Tim Hukum Soroti Sembilan Dugaan Kejanggalan dalam Kasus TPPU Eks Jampidsus Febrie Adriansyah

Anggota tim kuasa hukum, Febri Diansyah, menyampaikan temuan tersebut di Gedung Merah Putih KPK, Jakarta, Senin (3/8/2026). Menurutnya, tim hukum telah mengkaji dokumen penyidikan dan menemukan berbagai persoalan yang perlu mendapat perhatian.
“Kami mengidentifikasi setidaknya ada sembilan kejanggalan atau indikasi pelanggaran hukum acara dalam penanganan perkara Pak FA,” kata Febri.
Tim Hukum Soroti Isi Sprindik
Febri menjelaskan, penyidik menggabungkan perkara tindak pidana korupsi dan TPPU dalam satu surat perintah penyidikan (sprindik). Menurutnya, langkah itu tidak sesuai dengan ketentuan hukum.
Tim hukum juga menemukan ketidaksesuaian isi sprindik. Bagian pertimbangan memuat perkara Krakatau Steel, sedangkan bagian perintah mengarah pada penyidikan kasus batu bara. Ketidakkonsistenan itu dinilai menunjukkan kurangnya ketelitian dalam penyusunan dokumen.
Selain itu, tim hukum menemukan kesalahan penulisan waktu tindak pidana. Dokumen tersebut menyebut dugaan korupsi terjadi pada rentang 2028 hingga 2026. Rentang waktu itu dinilai tidak logis.
Tim hukum juga menilai penyidik tidak menerapkan prinsip kehati-hatian saat menerbitkan surat perintah penahanan. Mereka menemukan beberapa poin pertimbangan penting tidak tercantum dalam dokumen tersebut.
Penetapan Tersangka Dipersoalkan
Tim kuasa hukum juga mempersoalkan dasar hukum penetapan tersangka TPPU terhadap Febrie.

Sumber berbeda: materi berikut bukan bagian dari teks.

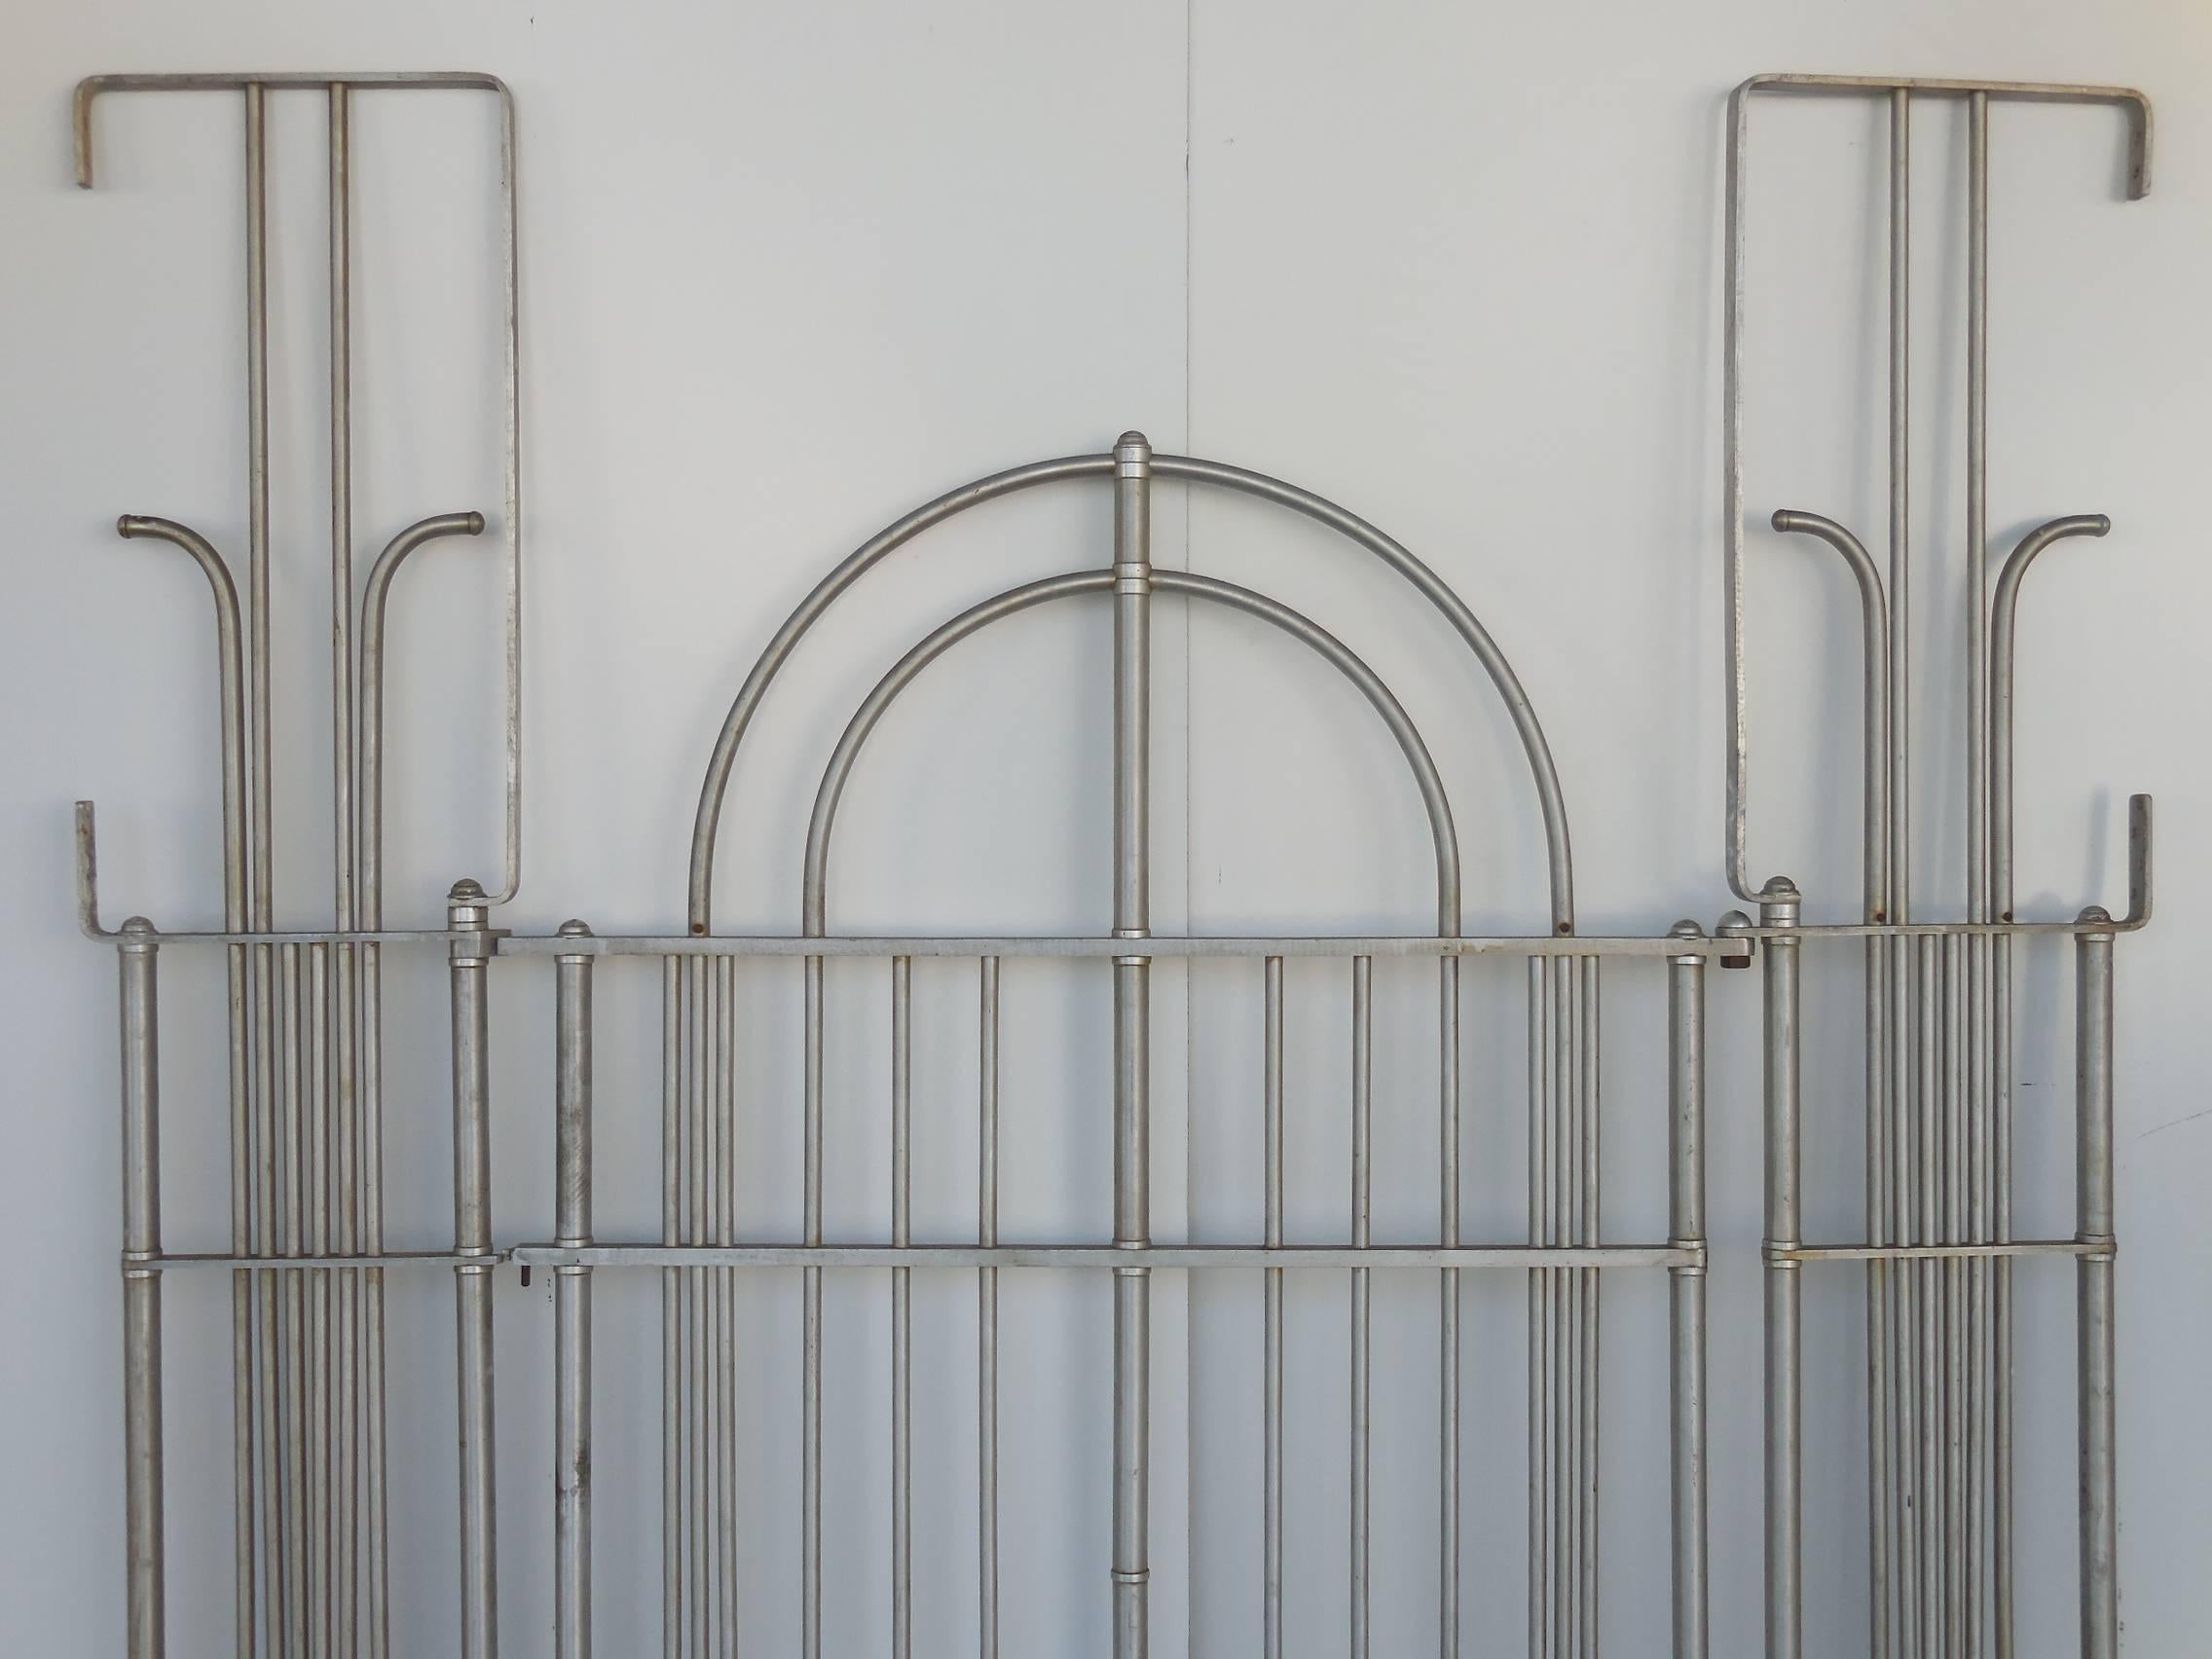 American Art Deco Gate by Warren McArthur

Mereka menilai penyidik masih menggunakan Pasal 3, 4, dan 5 Undang-Undang Nomor 8 Tahun 2010, padahal ketentuan tersebut telah diatur kembali dalam KUHP baru melalui Pasal 607.
Selain itu, tim hukum mempertanyakan kejelasan tindak pidana asal (predicate crime) yang menjadi dasar dugaan TPPU.
Mereka juga menilai surat perintah penahanan tidak memenuhi ketentuan Pasal 100 ayat (5) KUHAP karena tidak memuat syarat yang diwajibkan.
Menurut Febri, penyidik juga belum memenuhi hak tersangka untuk memperoleh penjelasan perkara secara jelas dengan bahasa yang mudah dipahami.
Tim hukum turut mempertanyakan pihak yang menandatangani sprindik. Mereka masih menelusuri apakah pejabat yang menandatangani dokumen tersebut memiliki kewenangan sesuai aturan internal Kejaksaan Agung.
Kejagung Titipkan Febrie di Rutan KPK
Sebelumnya, Kejaksaan Agung menahan Febrie Adriansyah selama 20 hari pertama di Rumah Tahanan KPK.
Jaksa Agung Muda Pengawasan (Jamwas) Rudi Margono mengatakan, Kejagung memilih Rutan KPK untuk memberikan perlindungan kepada Febrie. Selama menjabat sebagai Jampidsus, Febrie menangani sejumlah perkara besar sehingga memerlukan pengamanan khusus.
Rudi juga menjelaskan bahwa penempatan tersebut bertujuan menjaga akuntabilitas dan transparansi proses hukum. Langkah itu sekaligus memperkuat koordinasi antara Kejaksaan Agung dan KPK.
Juru Bicara KPK Budi Prasetyo menegaskan penitipan tahanan antarpenegak hukum merupakan praktik yang lazim. Lembaga penegak hukum dapat menerapkan mekanisme itu apabila kebutuhan penyidikan mengharuskannya.